According to just-released survey evidence, the demand for mobile data continues to rise unabated. Closely matching forecasts, mobile data traffic rose 26 percent between 2013 and 2014. Yet, as Americans consume more mobile data, the amount of radio spectrum to handle this increased demand has not been able to keep up. As a result of this looming spectrum exhaust, carriers are looking to upgrade technological capability to manage their networks more efficiently without resorting to raising prices. Given the significant benefits of licensed spectrum to the U.S. economy, however, why is the Obama administration making things worse by actively promoting policies that exacerbate spectrum exhaust?
Let's just take three examples:
First, after the voluntary incentive auction for broadcast spectrum required by the budget deal of the Middle Class Tax Relief and Jobs Creation Act of 2012 concludes sometime next year, there is nothing in the auction pipeline for commercial spectrum that can be used for mobile broadband. That's right: Nada. Bupkis. Zilch. Given the lack of an inventory of unassigned spectrum, adding spectrum for commercial sector requires taking it from federal agencies. The problem is that the President's Council of Advisors on Science and Technology wants to abandon future auctions — because "the clearing and reallocation of federal spectrum is not a sustainable basis due to the high cost, lengthy time to implement, and disruption to the [f]ederal mission" — in favor of a "sharing" model. This surprising turn of spectrum policy was based on the assumption that clearing and auctioning federal spectrum "will not result in significant net revenue to the government." Plainly, the $41 billion raised in the recent AWS-3 (Advanced Wireless Service) auction belies this assumption and, as such, should force a rethinking of the administration's policies.
Finally, but perhaps most egregiously, we have the Federal Communications Commission's (FCC) new 2015 net neutrality rules. By way of background, while mobile voice services were always subject to a light form of common carrier regulation under Title II of the Communications Act, for nearly two decades the FCC had a bipartisan approach to apply a "light touch" regulatory approach for mobile broadband under Title I of the Communications Act. This Title I authority, coupled with its plenary authority over mobile licenses under Title III of the act and the commission's backstop authority under Section 706, provided ample legal authority for the commission to oversee the industry.
Equally as important, noting that "existing mobile networks present operational constraints that fixed broadband networks do not typically encounter," the FCC had always recognized that it needed to treat wireless differently terms of net neutrality obligations. Former FCC Chairman Julius Genachowski understood the implications, so when the FCC issued its first set of net neutrality rules in 2010, the commission specifically declined to apply the same network rules to wireless broadband as the commission applied to the wireline side (although the commission applied the transparency requirement equally to both the mobile and wireline broadband industry).
With the FCC's recent second bite at the neutrality apple, we now find ourselves in a very different situation.
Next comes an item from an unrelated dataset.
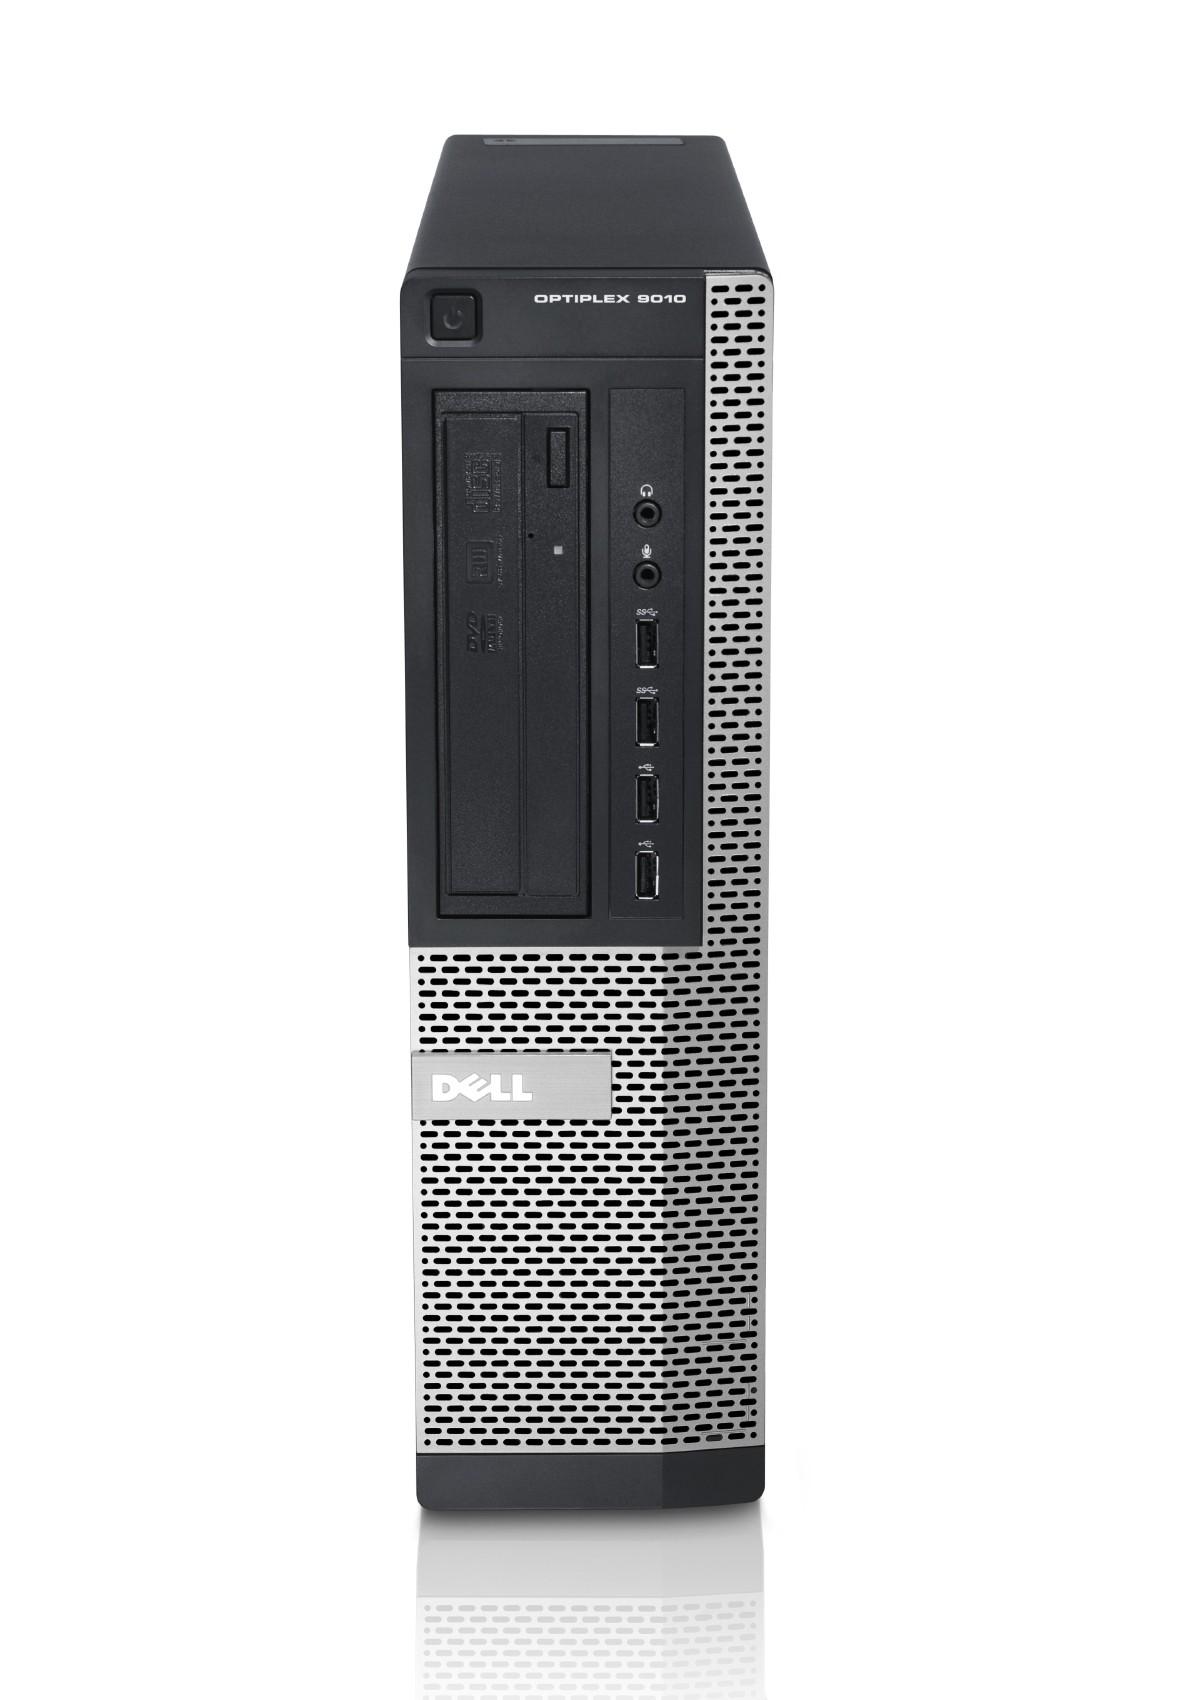 DELL-OPT-9010-i7-DT-Refurbished Dell OptiPlex 9010 DT Mini Tower Computer 1 TB HDD 16 GB RAM Windows 10-image

Not only do the new FCC Open Internet rules subject wireless broadband providers to the same requirements as wireline providers, but the Obama administration went the extra step by reclassifying mobile broadband as a Title II common carrier service, thus subjecting the competitive mobile industry to a law designed for the old Ma Bell monopoly.
And guess what happened?
Almost immediately after the FCC's rules were published in the Federal Register and went into effect last month, Sprint announced — no doubt motivated by the FCC's concurrently announced plan to fine AT&T a staggering $100 million for allegedly failing to give adequate notice that it was going to throttle those who abuse "unlimited" mobile data plans — that it was going to stop congestion management techniques and, in turn, raise prices to curb demand.
For those who care about good spectrum policy, these recent developments represent a cynical (and perhaps intended) consequence of an increasingly politically driven policy process. Like it or not, the federal government's failure to reallocate more spectrum to commercial providers and its alleged protection of consumers with poorly conceived net neutrality regulations forces providers to respond to demand with price changes. And when mobile broadband prices do rise, will the administration claim success? It won't, but it is to blame anyway; higher prices are the inevitable consequence of the administration's actions. Fortunately, the carriers will try to offset prices increases (their customers don't like them), but they must do so with their hands tied behind their backs.
Fantasy abounds is Washington. Unfortunately, the laws of economics are immutable. To quote a colleague, economics is an inoculation against wishful thinking. The Obama administration's spectrum policies, at present, point only to higher prices for mobile broadband services.
Consider yourself warned.
Spiwak is the president of the Phoenix Center for Advanced Legal & Economic Public Policy Studies, a nonprofit 501(c)(3) research organization that studies broad public-policy issues related to governance, social and economic conditions, with a particular emphasis on the law and economics of the digital age.